The United States Securities and Exchange Commission (SEC) has settled charges with two former officials of AriseBank, which has been slapped with a token sale fraud lawsuit early this year.
Jared Rice Sr. and Stanley Ford, AriseBank’s former CEO and COO respectively will pay a joint amount of $2.7 million in disgorgement and penalties, on top of $187,767 in penalties. Even though neither admitted nor denied the charges filed against them, both have conceded to perpetual bans from holding positions as officers and directors of public companies and from taking part in digital securities offerings.
More specifically, the pair is mandated to pay $2.26 million in disgorgement and $68,423 in prejudgment interest.

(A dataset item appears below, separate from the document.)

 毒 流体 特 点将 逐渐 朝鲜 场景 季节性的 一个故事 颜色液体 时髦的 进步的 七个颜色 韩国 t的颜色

In addition, the two are permanently banned from violating antifraud and registration provisions according to federal securities laws.
In January, the SEC put a stop on Arisebank’s ICO and charged the company and the people behind it for allegedly committing fraud.

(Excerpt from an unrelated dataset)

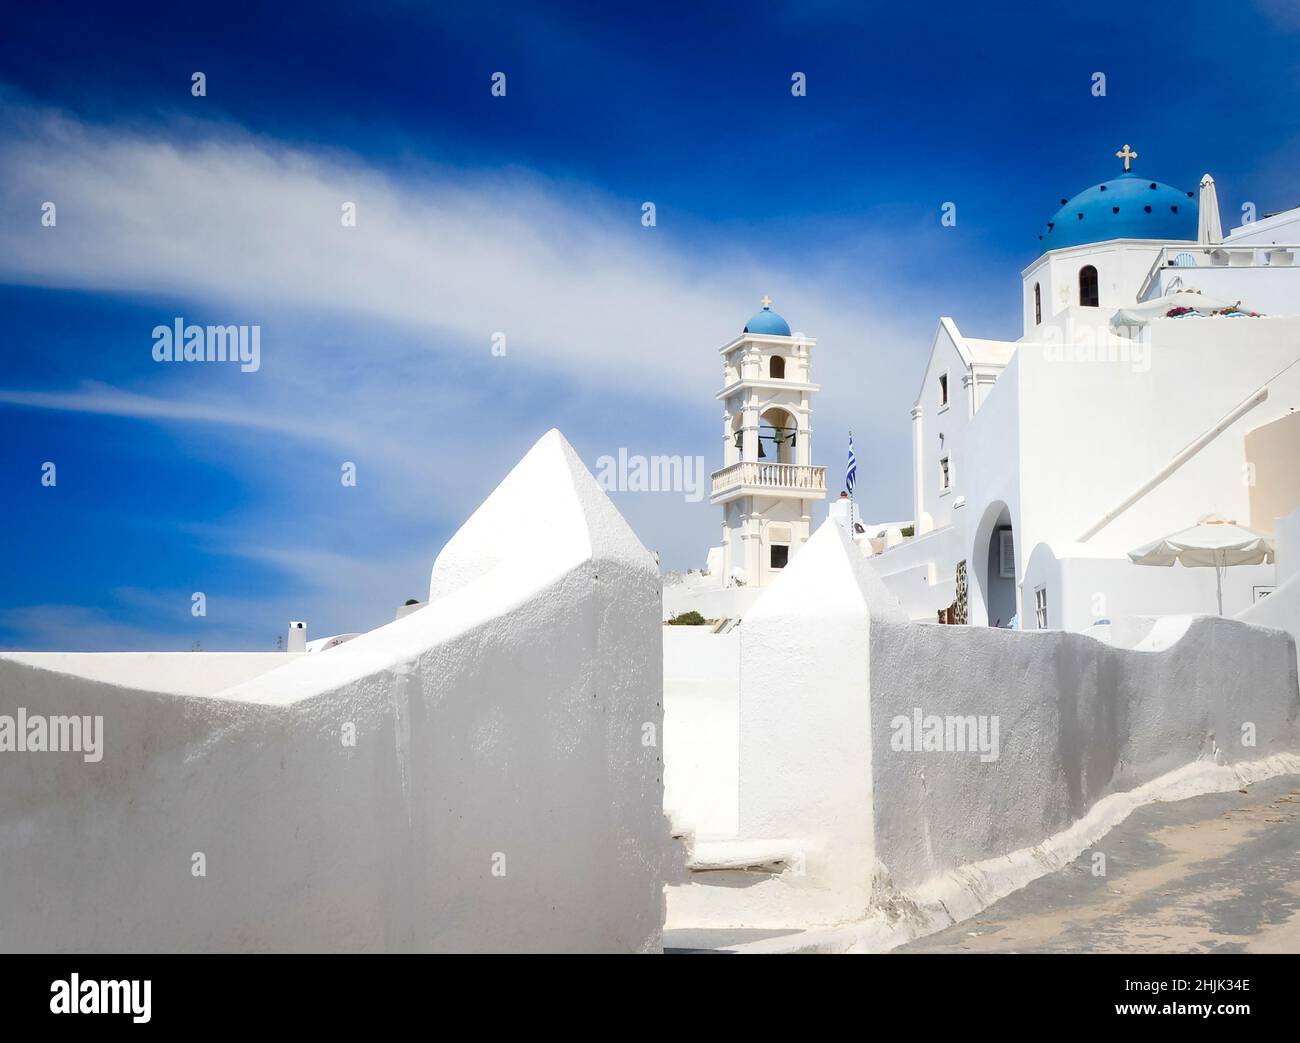 Traditionelle weißgetünchte Kirche, Santorini, Kykladen-Inseln, Griechenland Stockfoto

One day prior, the Texas Department of Banking released a different cease-and-desist order against the company. It underscored that the company did not have the authority to provide banking services in the state where it was headquartered.
The Federal Bureau of Investigation arrested Rice in late November after he was indicted on separate criminal charges of securities and wire fraud. Rice purportedly lied to investors regarding AriseBank’s authorizations, saying that the “first decentralized banking platform” was authorized to provide Federal Deposit Insurance Corporation (FDIC)-insured bank accounts, credit, and even debit cards via Visa and other services.
Unfortunately, the platform did not have like to the FDIC or Visa.